In the matter aforementioned ITAT deleted addition made on account of Client Code Modification after observing that assessee utilized its own funds to conduct transactions on NSEL platform and the profits from such transactions have already been offered to tax.

Assessee engaged in manufacturing and trading activities. It filed return at Rs.60,14,050/- and Rs.2,84,14,510/- for AYs  2012-13 and 2014-15 respectively. Assesssment were completed u/s 143(3). Subsequently assessments were reopened on information that the assessee has indulged in bogus transactions through commodity trading in both the assessment years under dispute. Assessee was asked to submit details pertaining to trading in commodities and the transactions which were subjected to client code modification. AO found that assessee notonly entered into commodity trading but such commodity trading was subjected to client code modification. AO concluded that the assessee has indulged in bogus commodity trading activity through Client code modification and added back the amounts of Rs.5,85,94,662/- and Rs.30,97,261/- respectively as unexplained investment u/s. 69 in AY 2012-13 and unexplained cash credit u/s. 68 of the Act in AY 2014-15.

On appeal, CIT (A) held that all the transactions have taken place on NSEL platform. The assessee has offered the income from the disputed transactions there cannot be any escapement income. There is nothing on record to show that assessee is involved in client code modification.  Even AO concluded that there was no escapement of income viz-a-viz transaction entered on NSEL platform. Accordingly CIT (A) decided appeal in favour of asseessee.

Revenue supported AO order and assessee relied upon the reasoning of CIT (A).

After considering the submission ITAT observed that AO himself make it clear that the report of the SFIO and DDIT (Inv.), on basis of which cases are reopened, do not in any manner establish or refer to any wrongdoing or illegal activity of the assessee either through client code modification or in any other mode or manner. Assessee was able to establish that its own funds were utilized to conduct transactions on NSEL platform and the profits from such transactions have already been offered to tax. Hence, appeal filed by revenue is liable to be dismissed.

FULL TEXT OF THE ORDER OF ITAT MUMBAI

1. The Captioned appeals by the Revenue and Cross Objections by the assessee arise out of two separate orders passed by National Faceless Appeal Centre (NFAC), Delhi pertaining to Assessment Years (AY) 2012-13 and 2014-15.

2. At the first instance, we will deal with the appeals filed by the Revenue. Common issue arising in both the appeals relates to deletion of additions made on account of Client Code Modification relating to commodity trading.

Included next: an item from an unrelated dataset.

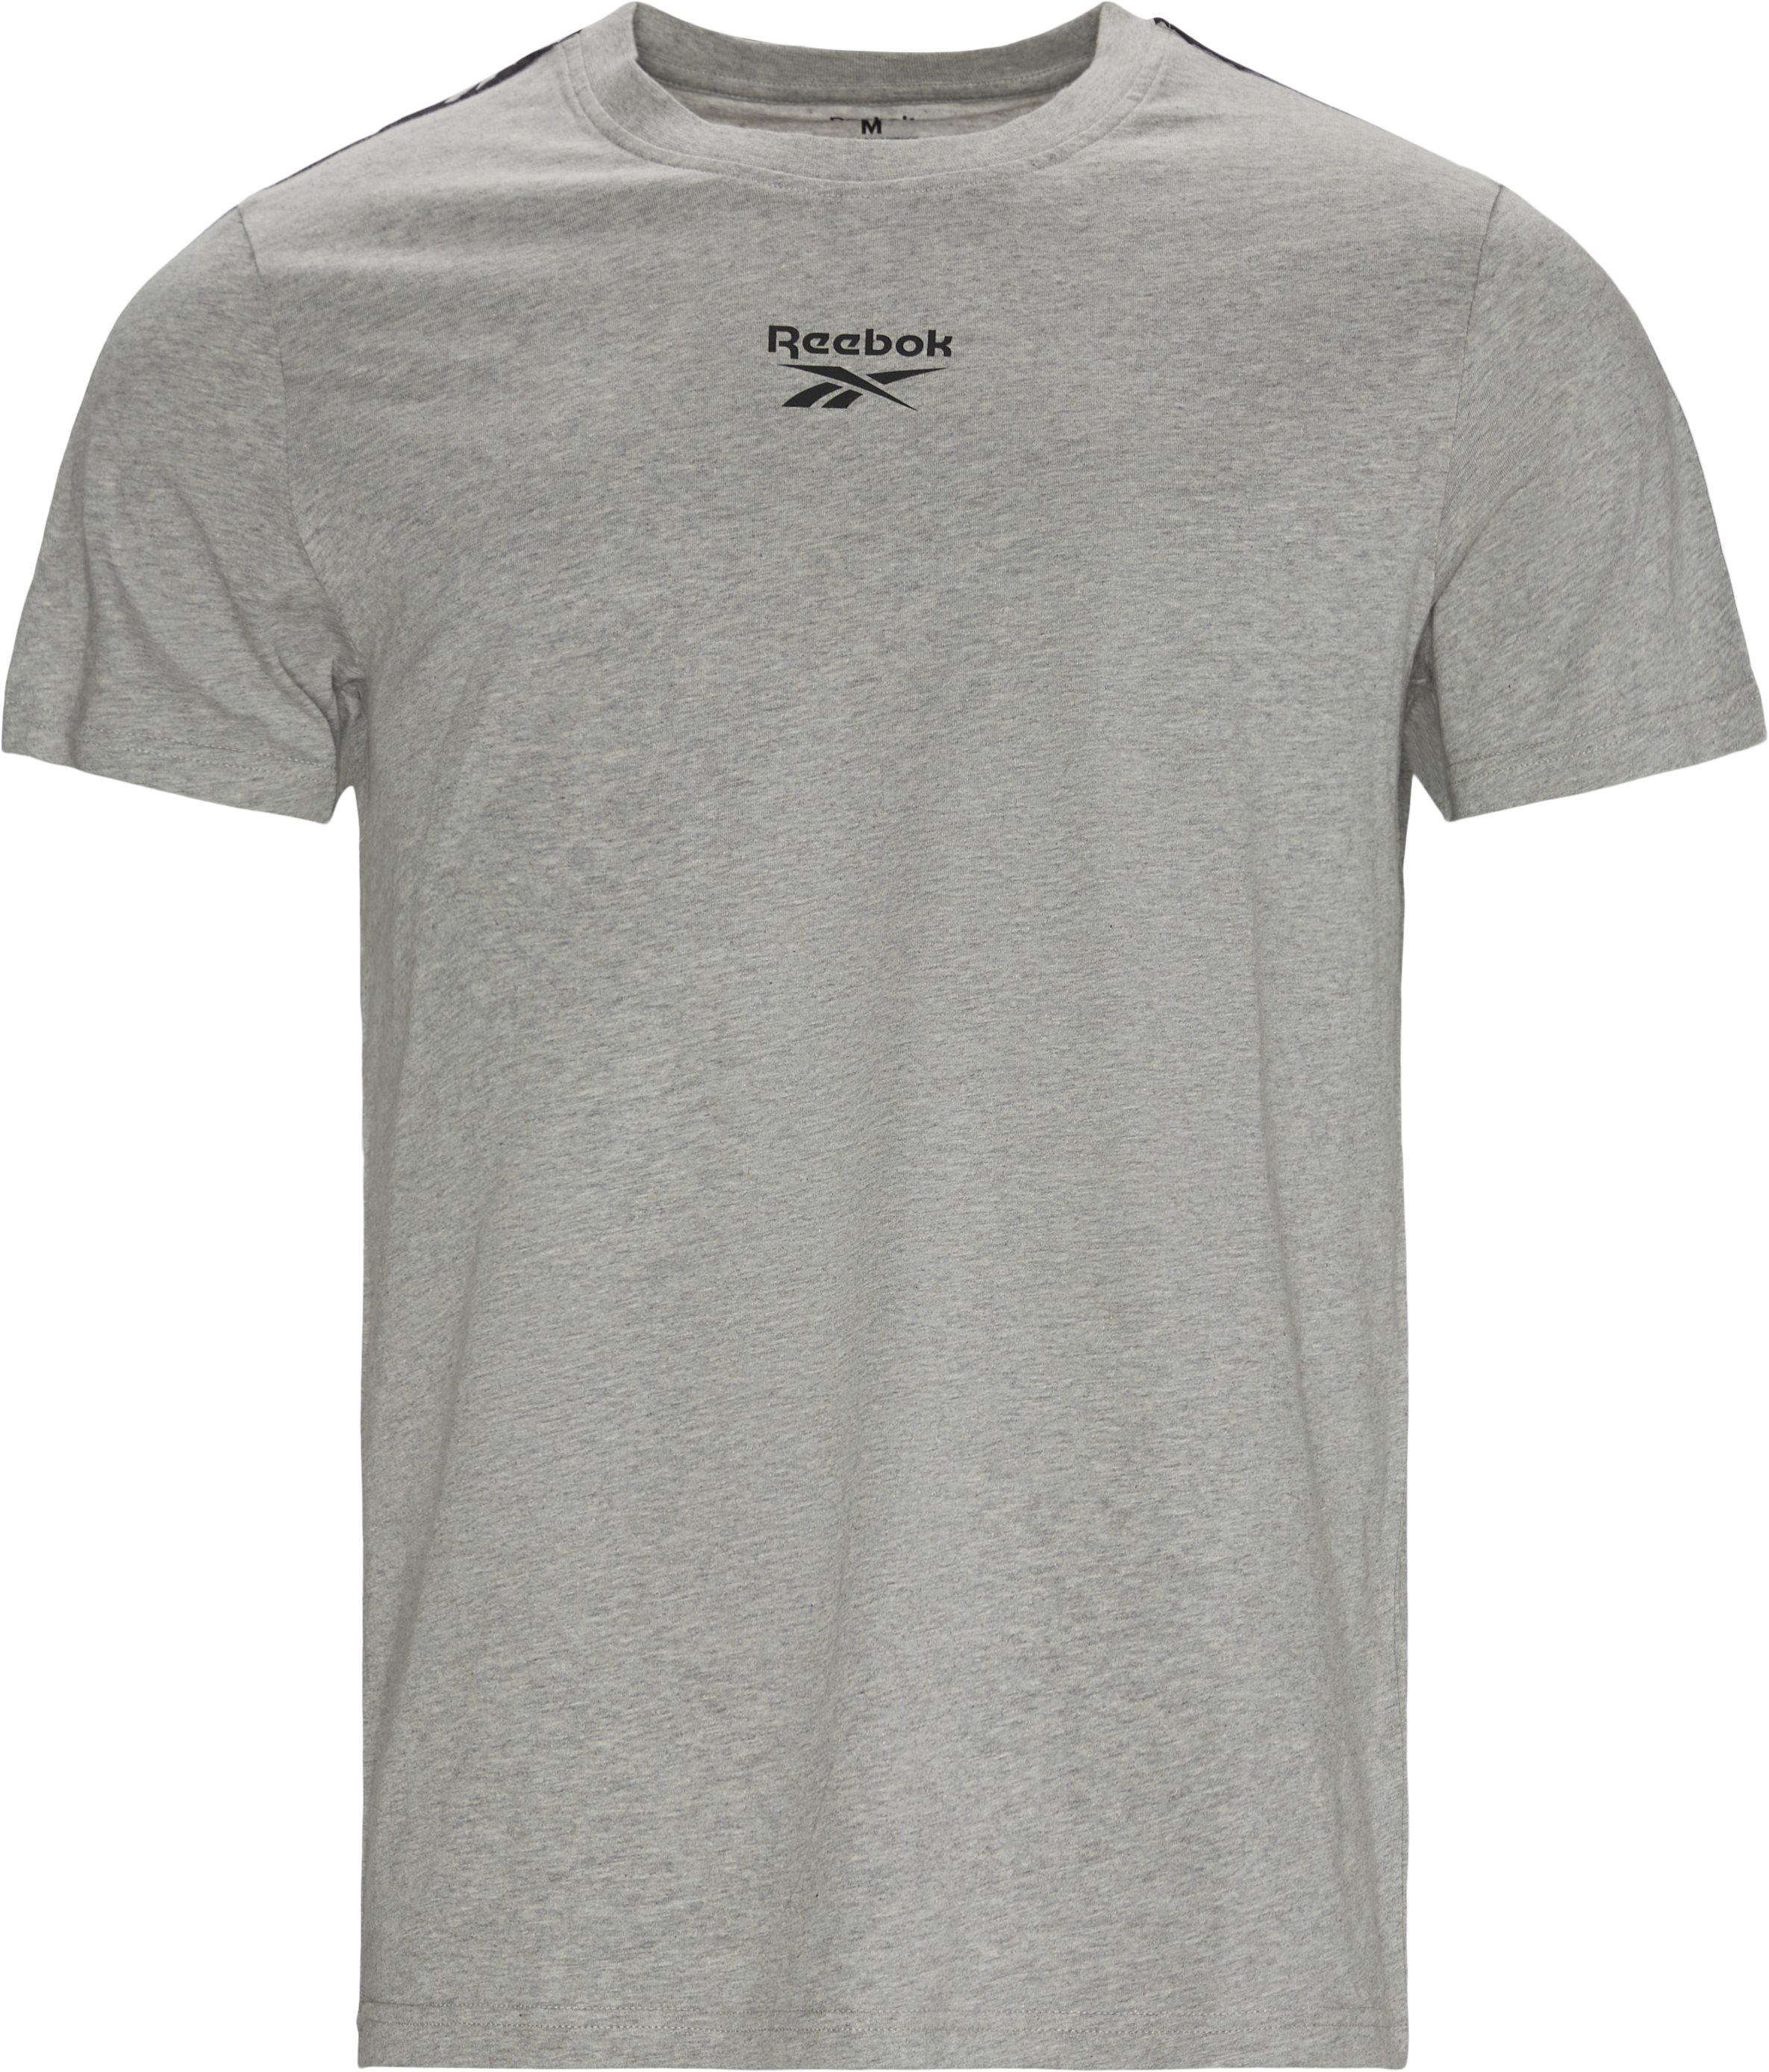 Te Tape Tee - T-shirts - Regular - Grey

3. Briefly the facts, more or less common, in both the appeals are, the assessee is a resident corporate entity stated to be engaged in manufacturing and trading activities. For the assessment years under dispute, the assessee had filed its return of income under Section (u/s.) 139(1) of the Act, declaring income of Rs.60,14,050/- and Rs.2,84,14,510/- for the Assessment Years (A.Ys) 2012-13 and 2014-15 respectively. The returns filed for these assessment years were selected for scrutiny and assessments were completed u/s. 143(3) of the Act. Post completion of assessments as aforesaid, the Assessing Officer received information from the Investigating Wing of the Department indicating that through client code modification, the assessee has indulged in bogus transactions through commodity trading in both the assessment years under dispute. Based on such information, the AO reopened the assessments u/s. 147 of the Act. In course of the assessment proceedings, the AO called upon the assessee to furnish all supporting details in relation to trading in commodities and the transactions which were subjected to client code modification.

4. After going through the details furnished by the assessee, the AO observed that as per ledger of commodity trading through Anand Rathi Commodities Ltd. and its Associates, it was found that several purchases were made and sold out on the same day with a different rate, which established that not only the assessee had entered into commodity trading but such commodity trading was subjected to client code modification. He observed that the volume of such trading through client code modification amounted to Rs.5,85,94,662/- in AY 2012-13 and Rs.30,97,261/- in AY 2014-15. Thus, while completing the assessments u/s 147 of the Act for both the A.Ys under dispute, the AO concluded that the assessee has indulged in bogus commodity trading activity through Client code modification and added back the amounts of Rs.5,85,94,662/- and Rs.30,97,261/- respectively as unexplained investment u/s. 69 of the Act in A.Y 2012-13 and unexplained cash credit u/s. 68 of the Act in AY 2014-15. Contesting the additions so made, assessee preferred appeal before learned First Appellate Authority.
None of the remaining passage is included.